When I am working with a client for the first time, this is one of the things I like to discuss so I make a point to say something like this:

“I don’t talk much during my sessions, that’s why I like to take some time before your appointment begins to talk about what you can expect during your session today, and to see what your goals for your massage appointment are.  If you want to chat during your session, you are welcome to. But please don’t feel like you have to.”

The majority of the time, I’ll get a sigh of relief from my client.
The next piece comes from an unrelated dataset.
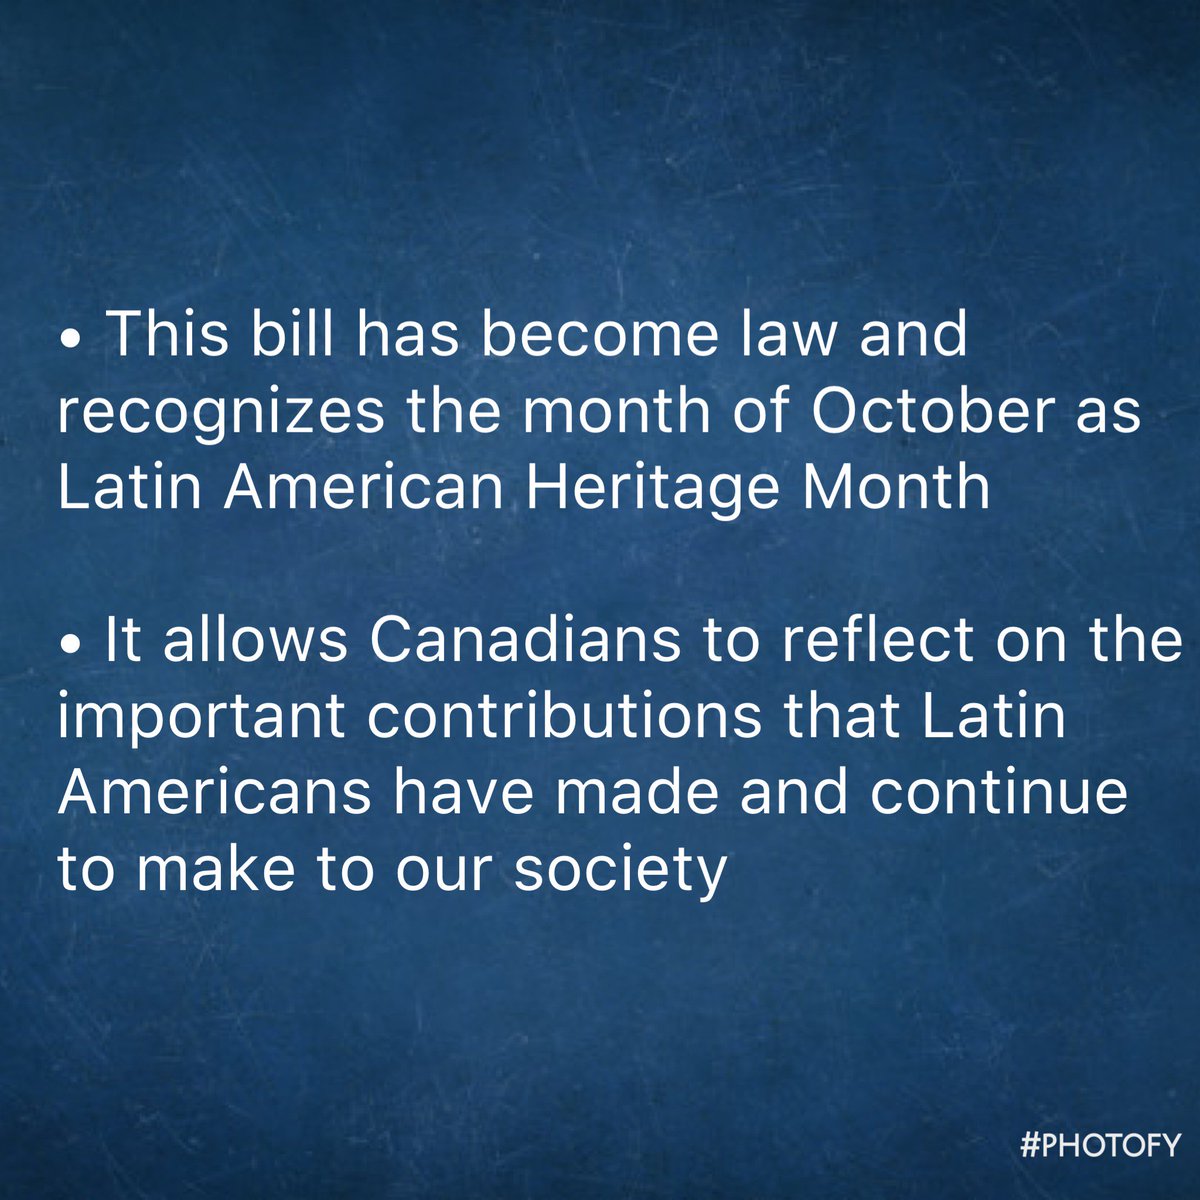 The late @SenatorEnverga‘s Bill S-218 is the focus of our look at positive @CPC_HQ bills today. It recognizes October as Latin American Heritage Month and serves as a legacy to the Senator, who worked tirelessly to promote multiculturalism. #constructiveopposition #resultsbyCPC

I get it, you’re here to relax.

Taking some time to check in with you before we begin lets me get the ‘talking’ out of the way.  I know that chatting isn’t necessarily conducive to zoning out for a bit.  I want you to be able to relax as much as possible when you are here.  I want you to find that quiet space where your head disappears for awhile.  Sometimes people will fall asleep, other times this quiet space allows you to really tune in and focus on what’s going on in your body while we are working along.

While I encourage my clients to enjoy a quiet atmosphere when getting a massage, I have to confess – from time to time, when I am on the massage table, I can be a bit of a Chatty Cathy.  Most of the time when I’m receiving  massage, I do the disappearing act.  I like to soak it all in and tune into what’s going on in those tense spots in my neck, shoulders, and beyond (oh, hey, where did THAT come from! I didn’t know my left hip was so tight!)   But every once in a while…  I do feel the need to chat for a bit.  So don’t worry if you find yourself in a talkative mood, that’s OK too. Go with what feels right for you.  Just know that I will meet you where you are in that moment.  This is your time and space and I want you to get the most out every appointment.  It’s all good!